**INFORMATION SUPPLIED**
==========
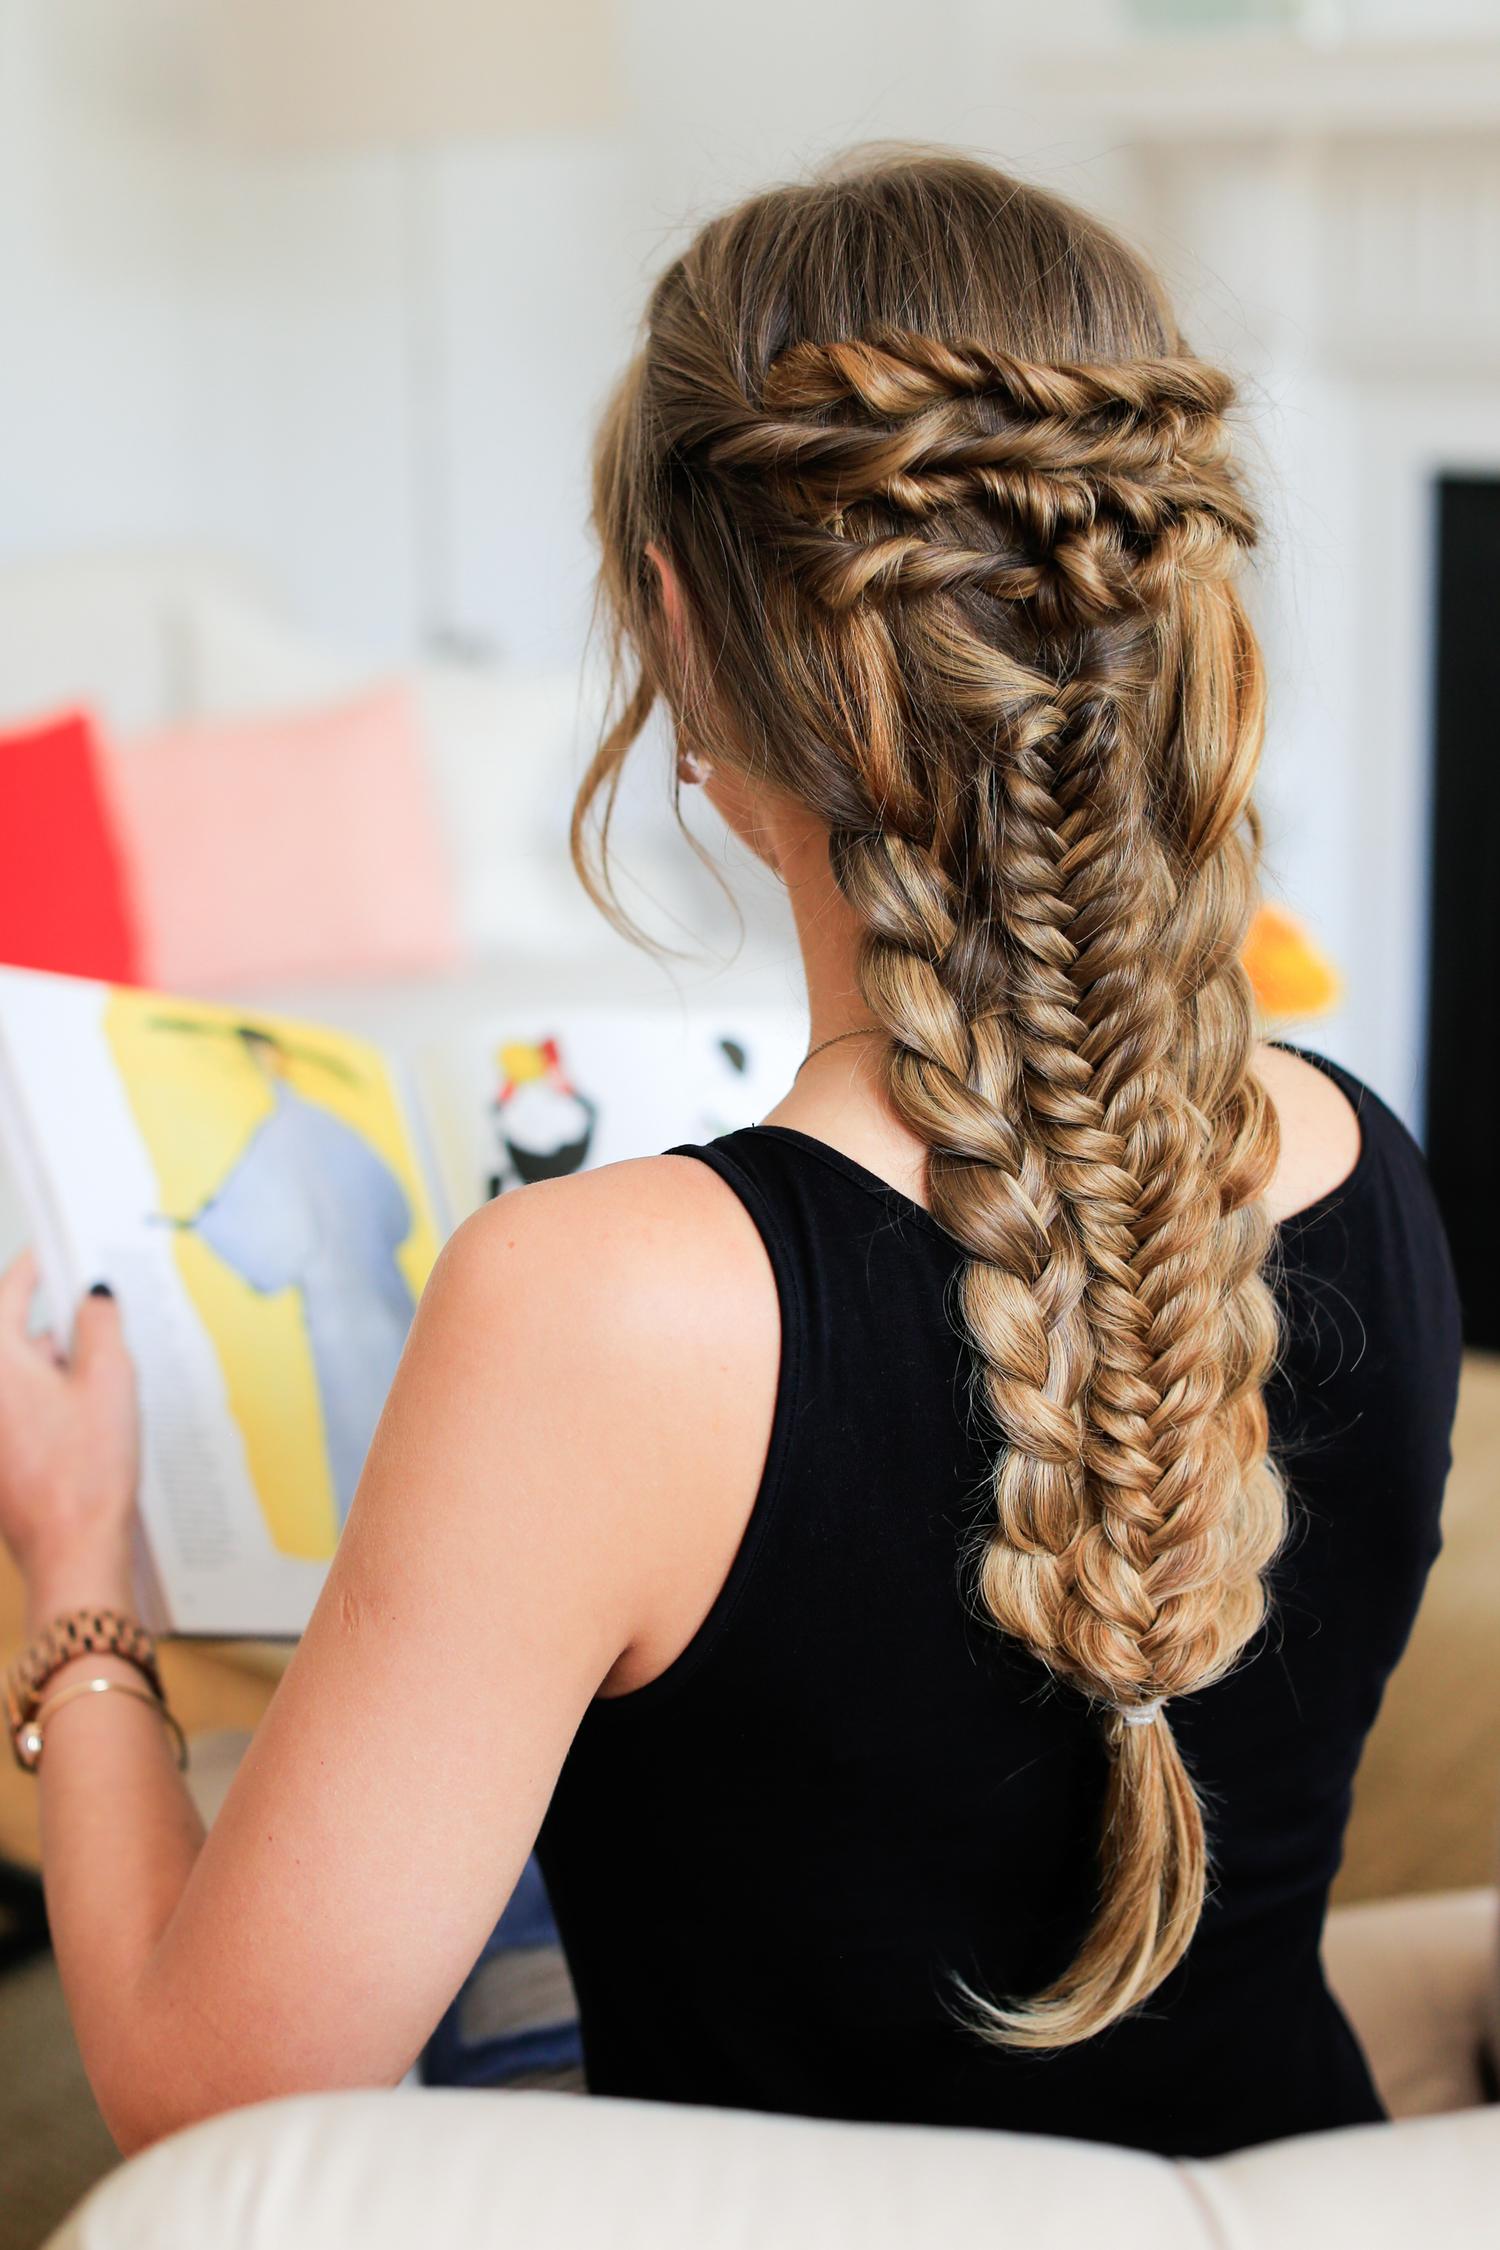 Layered Braid Hairstyle Tutorial Luxy Hair Blog All About Hair
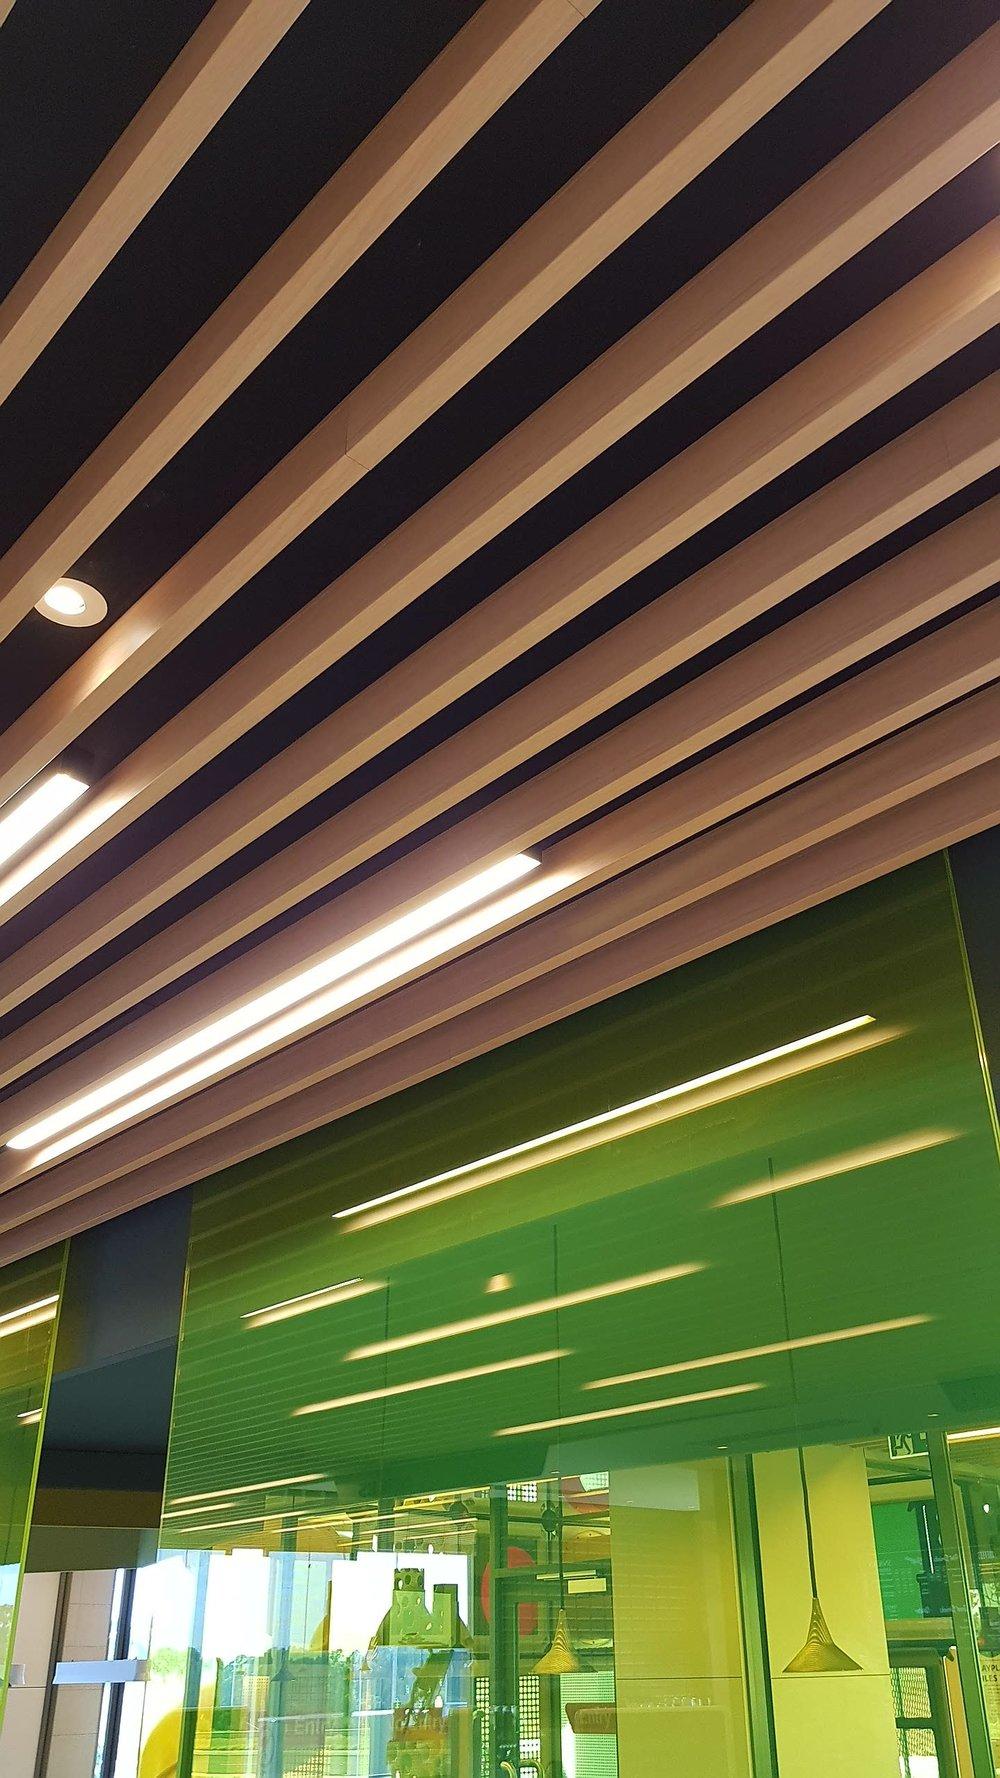 Kabebari 30x85 Supringu Oku Ceiling Battens
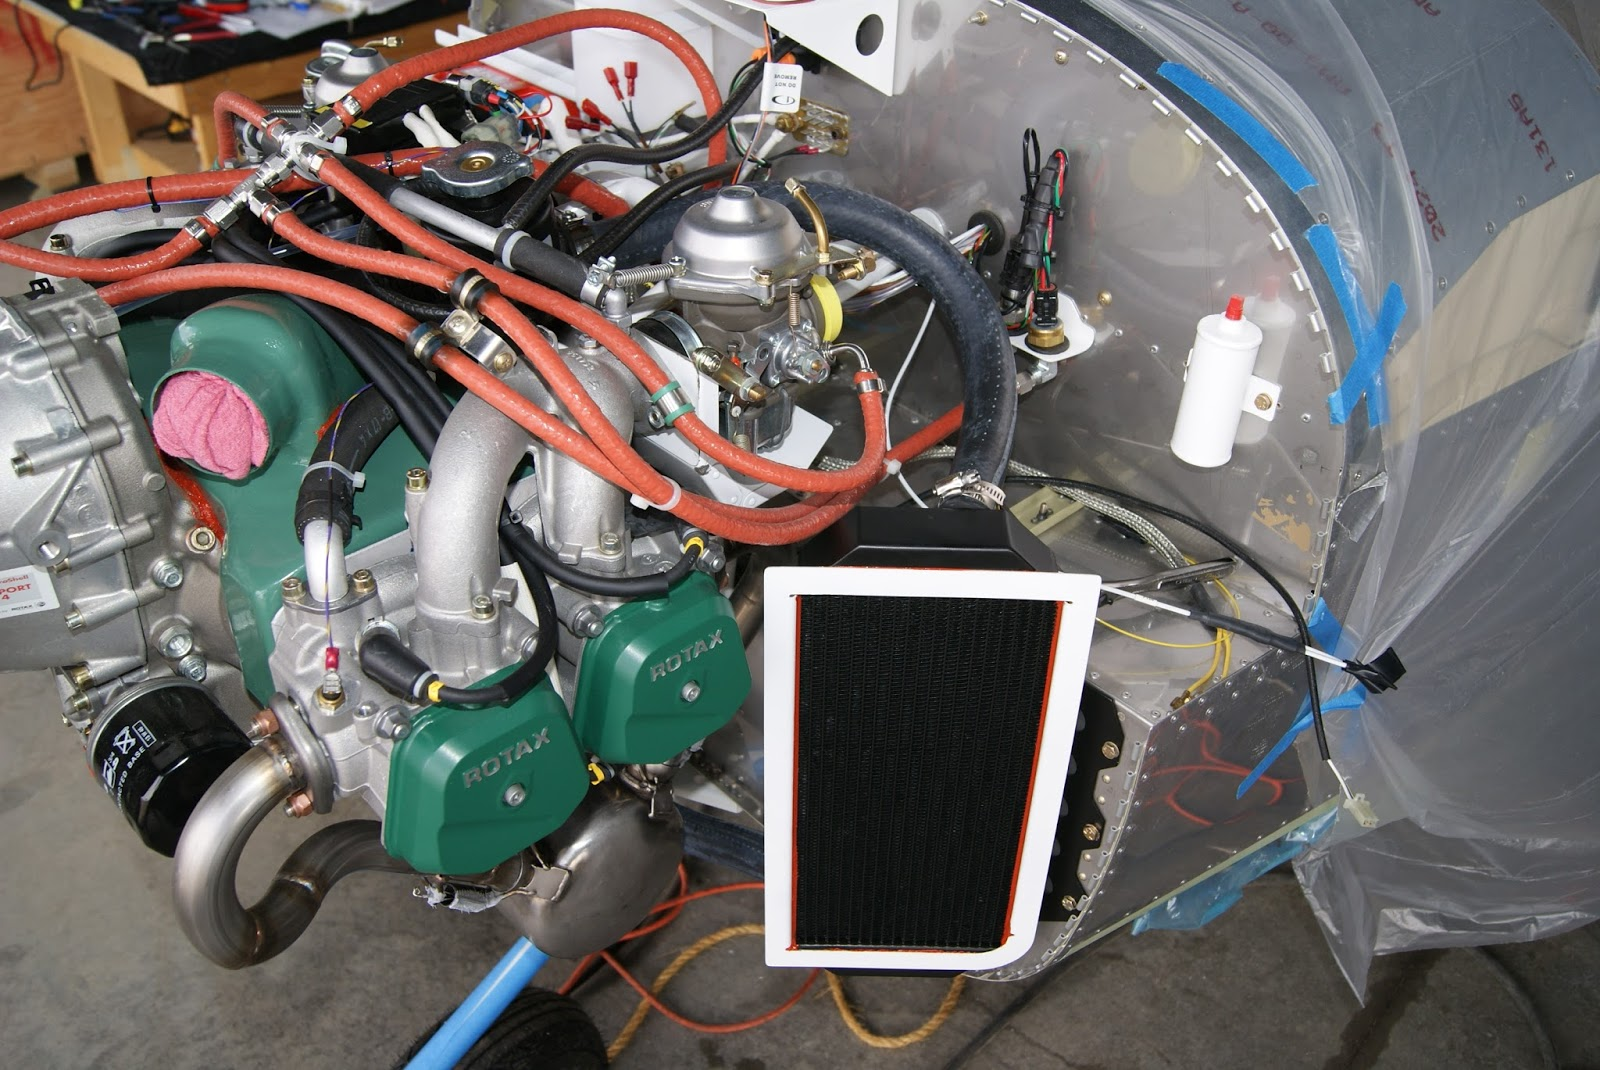 DOG Aviation John\'s RV-12 Blog: Discovered Missing Threaded Hole On ...
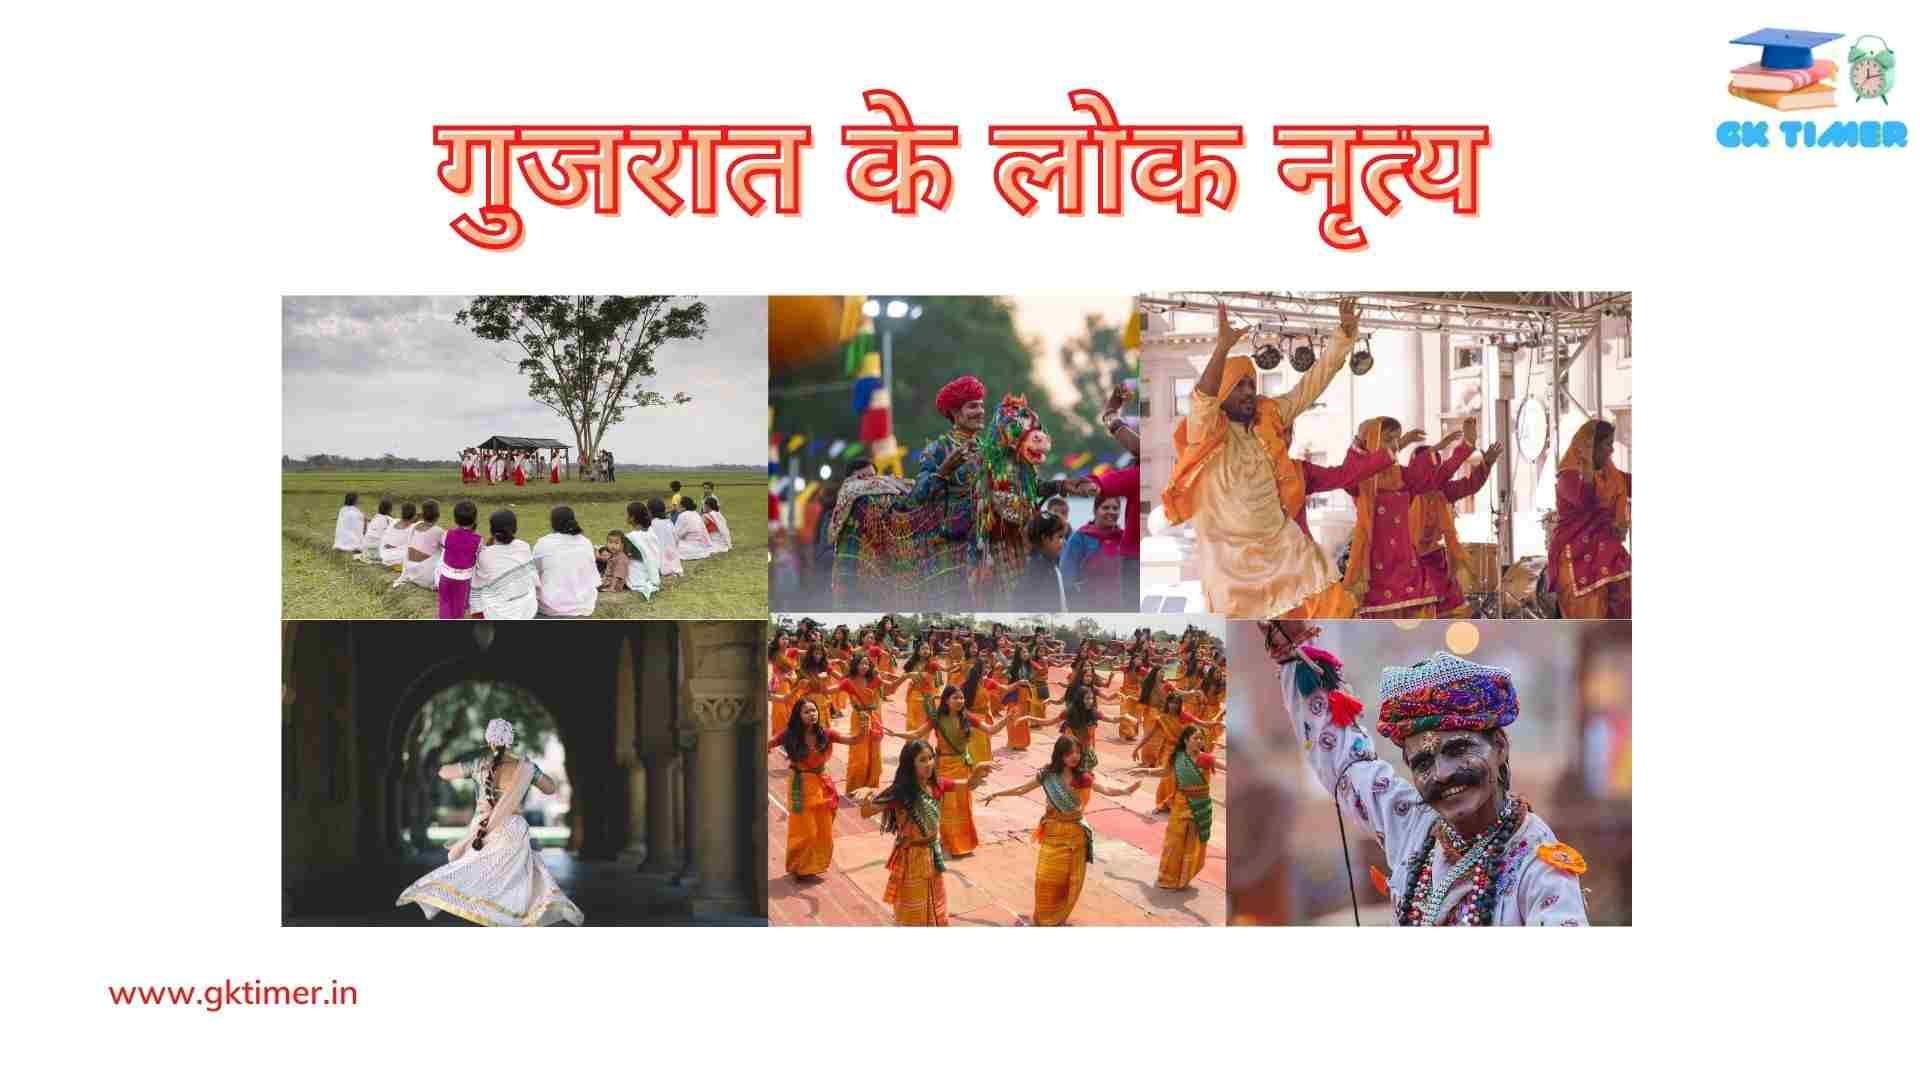 गुजरात के लोकप्रिय लोक नृत्य(भवई, डांडिया, गरबा, पधार, टिप्पनी)   Popular folk dances of Gujarat in Hindi
==========
**WORK REQUEST**
The line containing "Kabebari 30x85 Supringu Oku Ceiling Battens" marks the start: set down exactly that line and every line after it through the last line of the data, without any pictures.

**SOLUTION TO THIS PROBLEM**
 Kabebari 30x85 Supringu Oku Ceiling Battens
 DOG Aviation John\'s RV-12 Blog: Discovered Missing Threaded Hole On ...
 गुजरात के लोकप्रिय लोक नृत्य(भवई, डांडिया, गरबा, पधार, टिप्पनी)   Popular folk dances of Gujarat in Hindi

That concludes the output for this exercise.